The purpose of this study was to evaluate the efficacy and safety of acupressure on nausea and vomiting during pregnancy.

Methods

PubMed, Embase, Springer, Web of Science, and the Cochrane Library were searched for all randomized controlled trials (RCT) of treating nausea and vomiting during pregnancy by acupressure from the inception date of database to July 31st, 2023. Study selection, data extraction, and risk of bias assessment were conducted independently by researchers. The methodological quality of included studies was evaluated by the Cochrane Collaboration's bias risk assessment tool, meta-analysis by Stata 17.0 software, and publication bias by Begg's test.

Results

A total of 11 RCTs involving 1378 pregnant women were included in this review, which was assessed to be moderate quality. 10 RCTs involving 1298 pregnant women were assessed for the meta-analysis. The results revealed that acupressure showed significant difference on improvement in symptom score compared with sham acupressure (pooled MD, − 1.33; 95%CI [− 2.06, − 0.61]; P < 0.001) or control group (pooled MD, − 0.73; 95%CI [− 1.08, − 0.39]; P < 0.001), and incidence of effective rate compared with sham acupressure group (pooled RR, 1.78; 95%CI [1.03, 3.07]; P = 0.039).

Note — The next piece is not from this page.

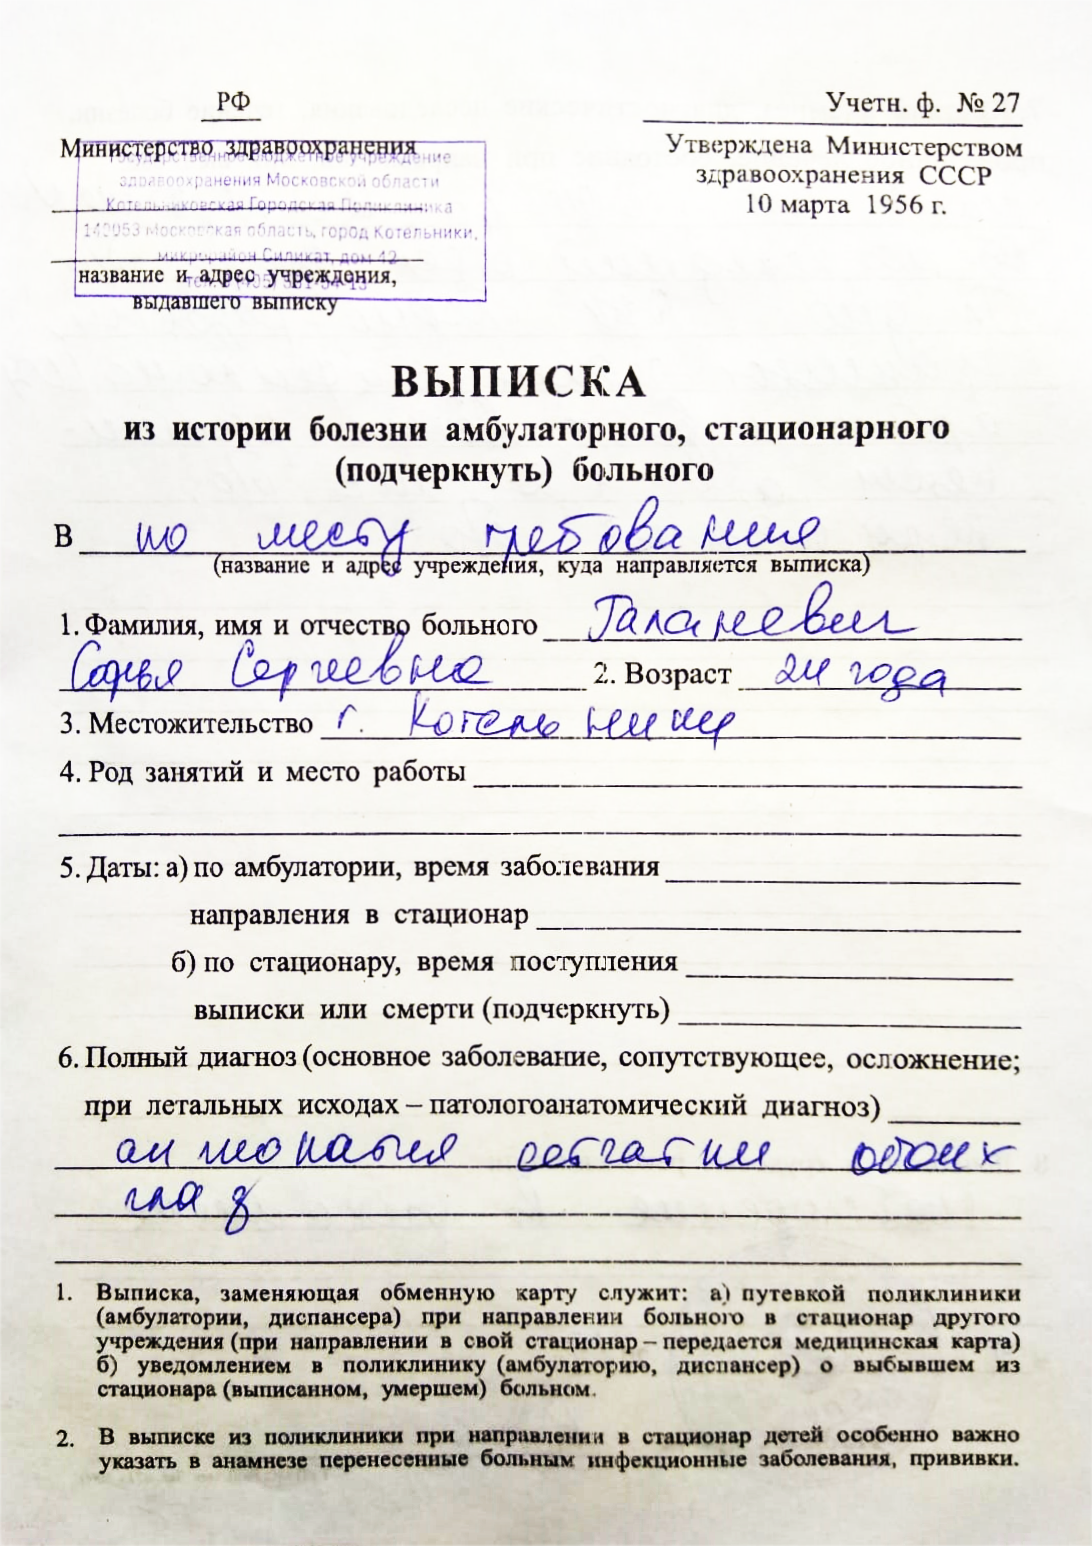 Если верить врачу из поликлиники, специальной справки об отсутствии дальтонизма в России нет. Поэтому пришлось отделаться общей выпиской. Фото: Софья Галаневич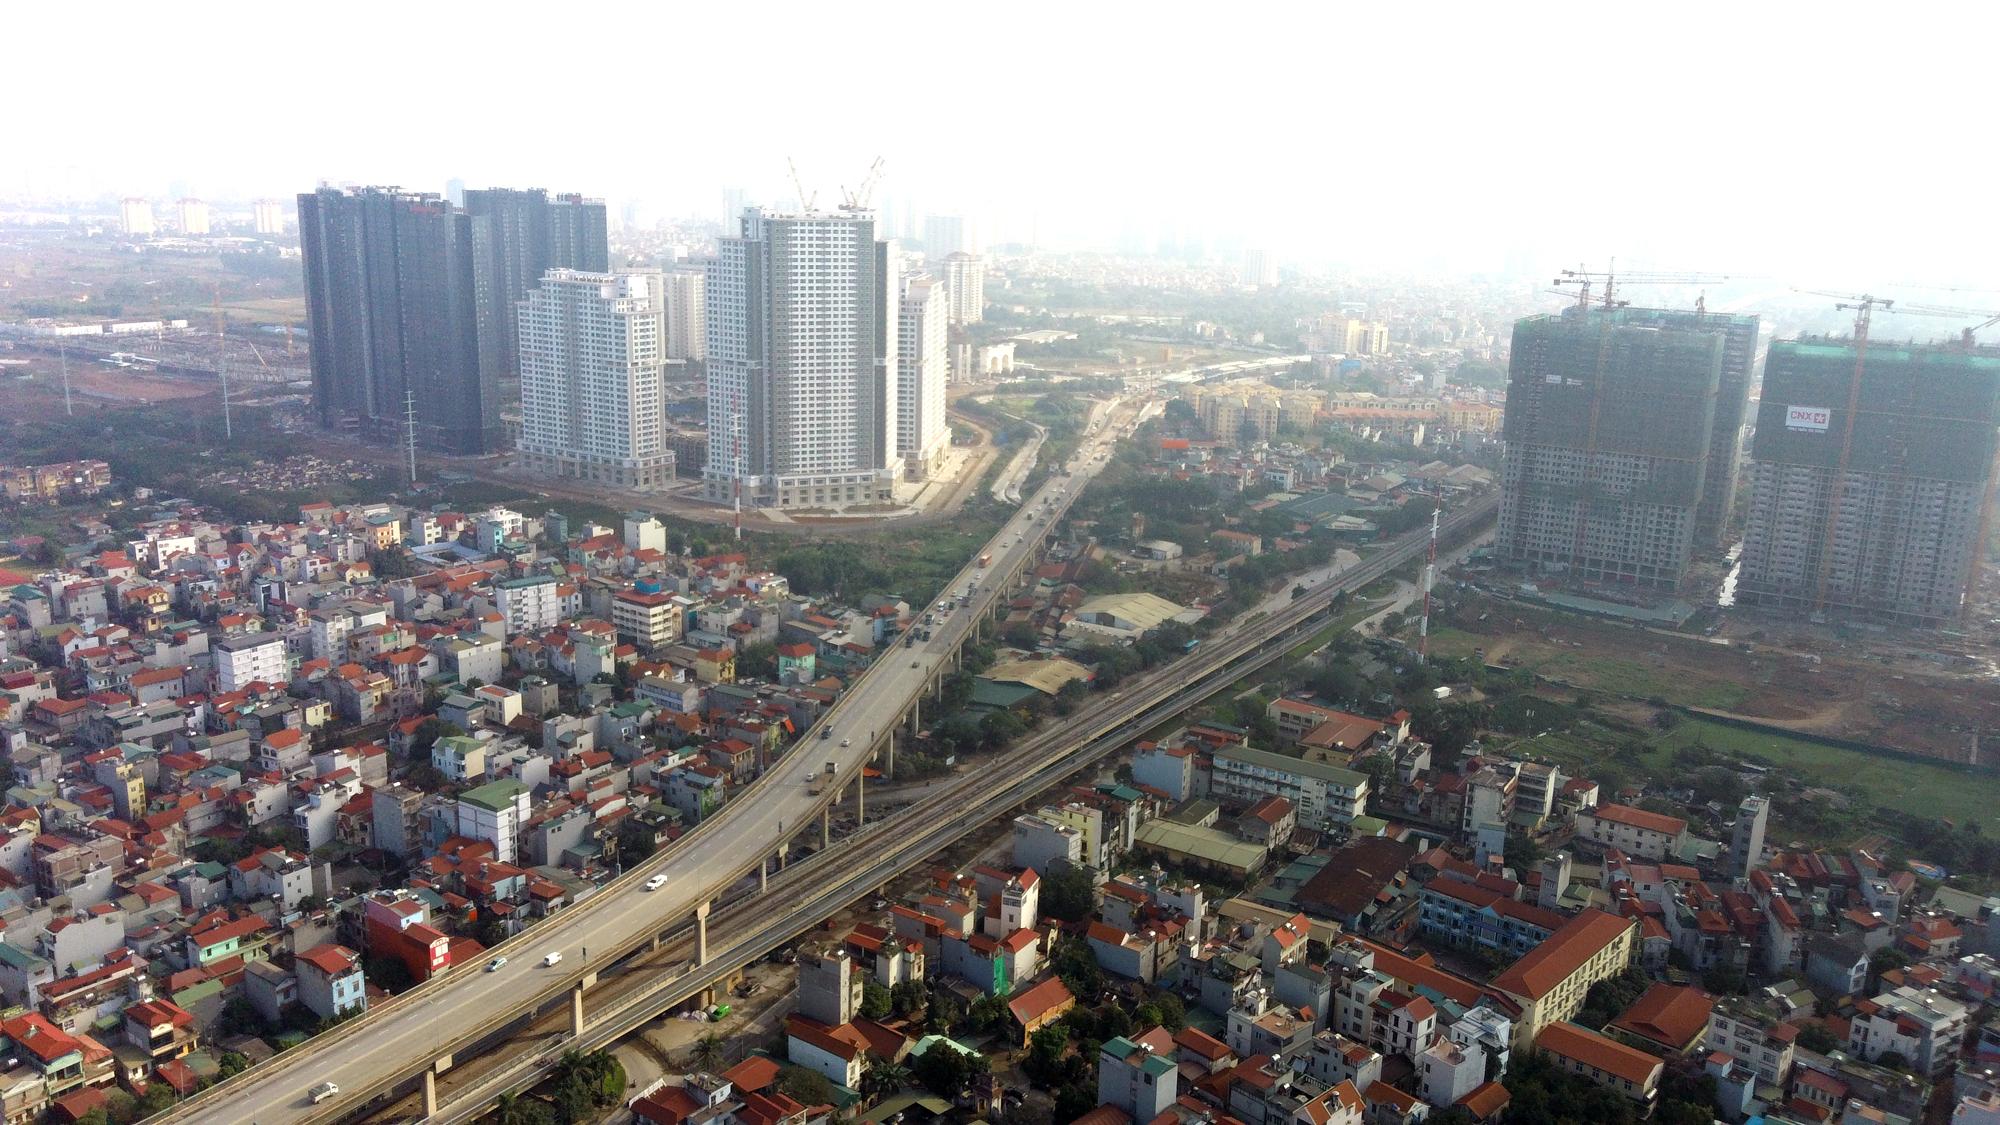 3 đường sẽ mở theo qui hoạch ở phường Xuân Đỉnh, Bắc Từ Liêm - Ảnh 10.

However, no statistical significance was found between acupressure and control group (pooled RR, 4.53; 95%CI [0.67, 30.48]; P = 0.120) on effective rate. On comparing acupressure with sham acupressure, there was no beneficial effect on preventing nausea and vomiting during pregnancy (pooled RR, 0.83; 95%CI [0.50, 1.38]; P = 0.476), shortening the duration of hospital stay (pooled MD, − 0.78; 95%CI [− 1.98, 0.41]; P = 0.199) and improving patient satisfaction (pooled RR, 1.36; 95%CI [0.47, 3.91]; P = 0.570). Begg's test did not reveal any publication bias. Only one RCT reported minimal acupressure-related adverse events.

Conclusion

Acupressure may have potential favorable or encouraging effect on treating nausea and vomiting during pregnancy, but strong supportive data are not yet available. Well-designed and large-scale RCTs should be conducted for assessing and confirming the efficacy and safety of acupressure in nausea and vomiting during pregnancy.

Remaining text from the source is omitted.